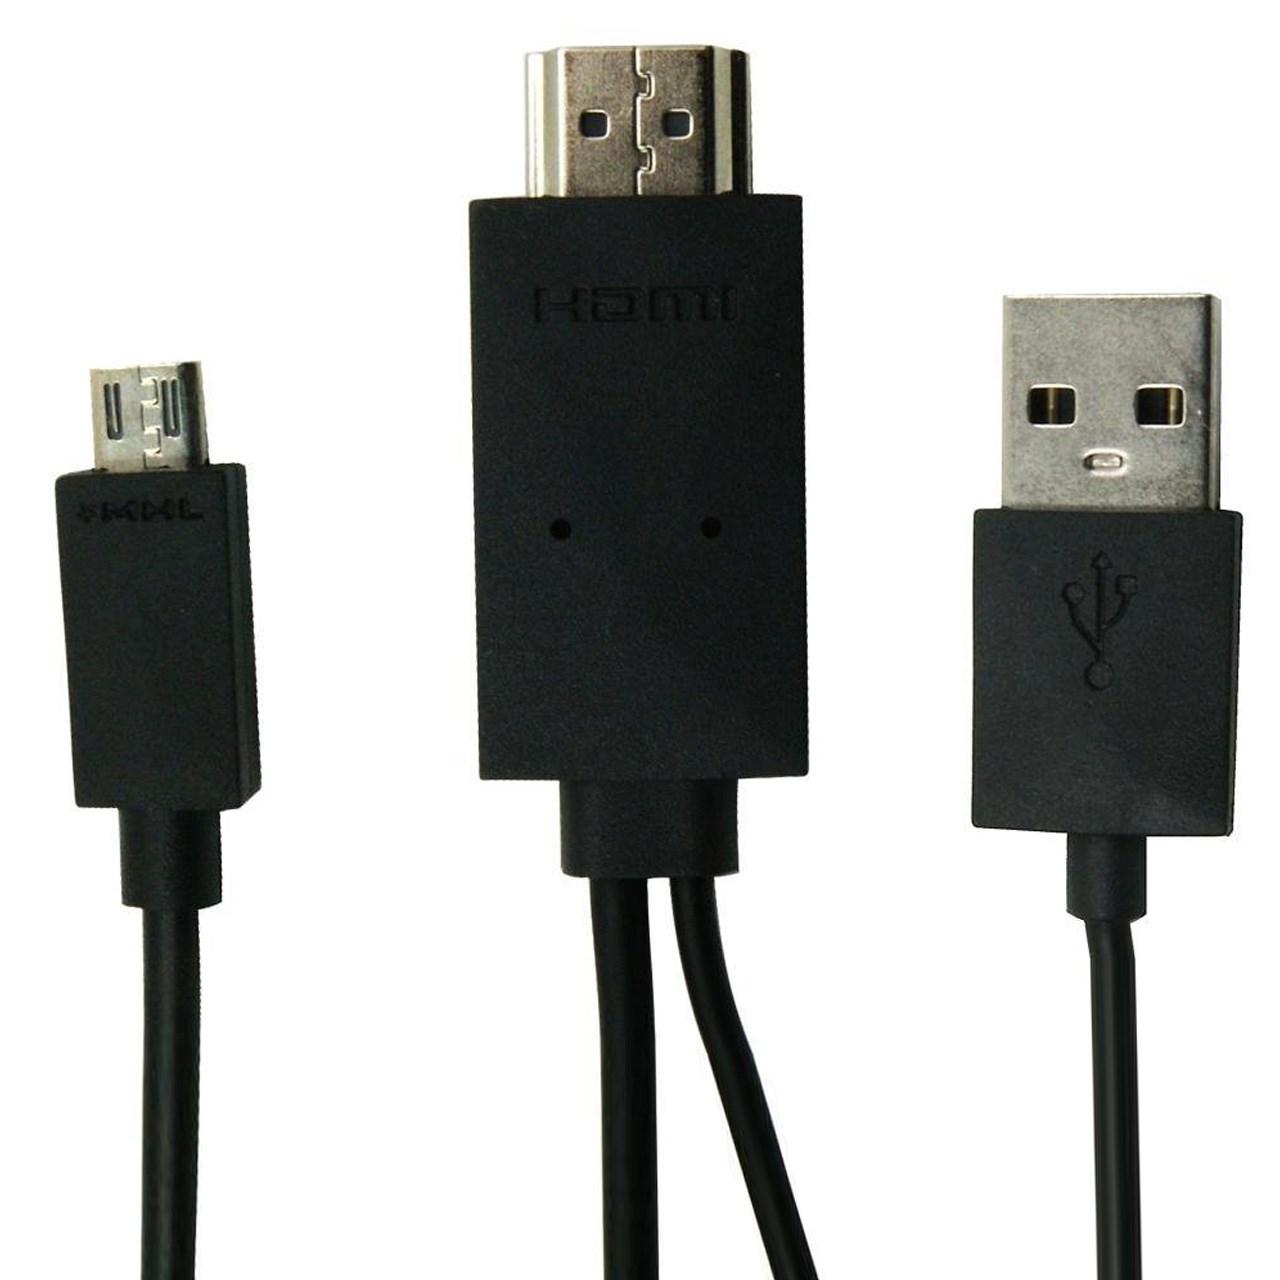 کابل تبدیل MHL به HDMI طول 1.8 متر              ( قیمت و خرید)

* * *

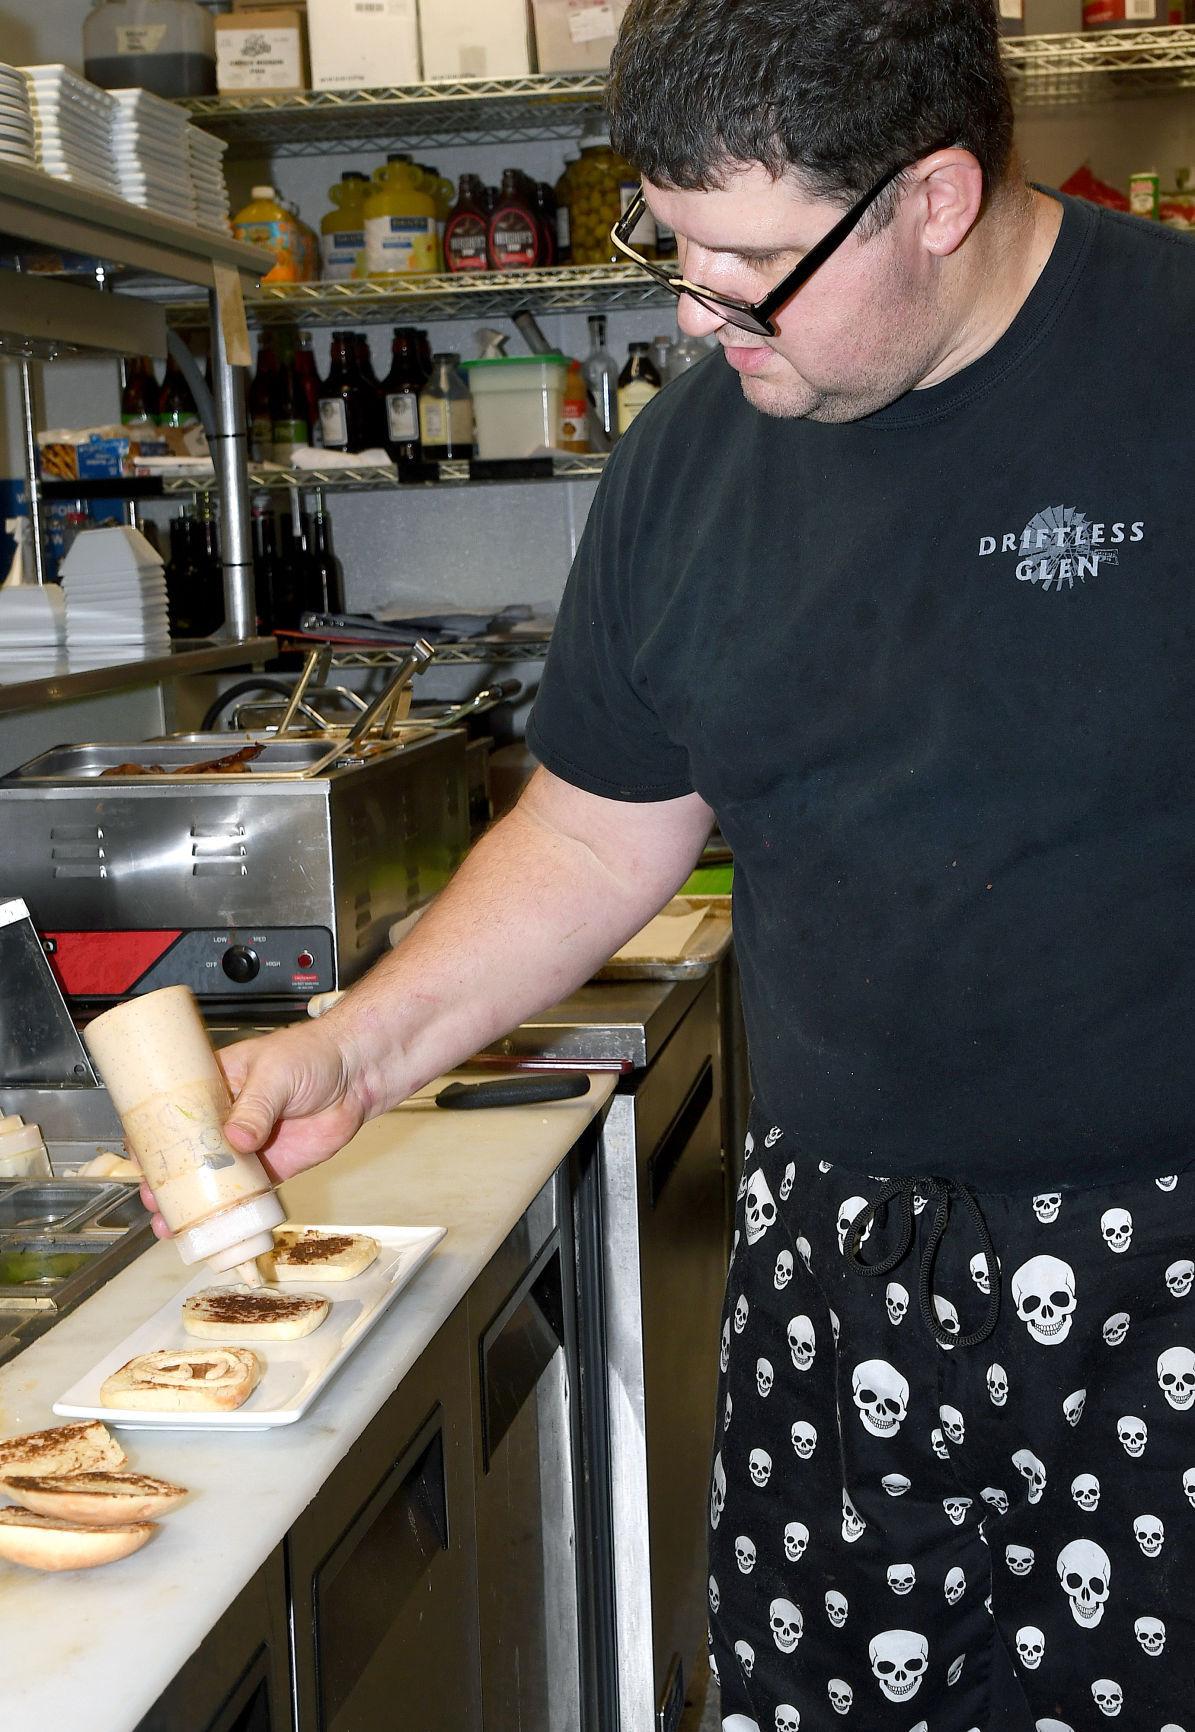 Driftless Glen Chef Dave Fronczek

--

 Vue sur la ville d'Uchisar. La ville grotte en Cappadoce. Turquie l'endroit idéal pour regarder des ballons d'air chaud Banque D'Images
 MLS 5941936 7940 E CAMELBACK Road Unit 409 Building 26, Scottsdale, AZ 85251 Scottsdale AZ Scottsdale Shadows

» **What this task involves**:
Return a word-for-word copy of the lines above from the one holding "Vue sur la ville" through the one holding "MLS 5941936 7940", with both of them included and nothing besides.

» **Answer box**:
 Vue sur la ville d'Uchisar. La ville grotte en Cappadoce. Turquie l'endroit idéal pour regarder des ballons d'air chaud Banque D'Images
 MLS 5941936 7940 E CAMELBACK Road Unit 409 Building 26, Scottsdale, AZ 85251 Scottsdale AZ Scottsdale Shadows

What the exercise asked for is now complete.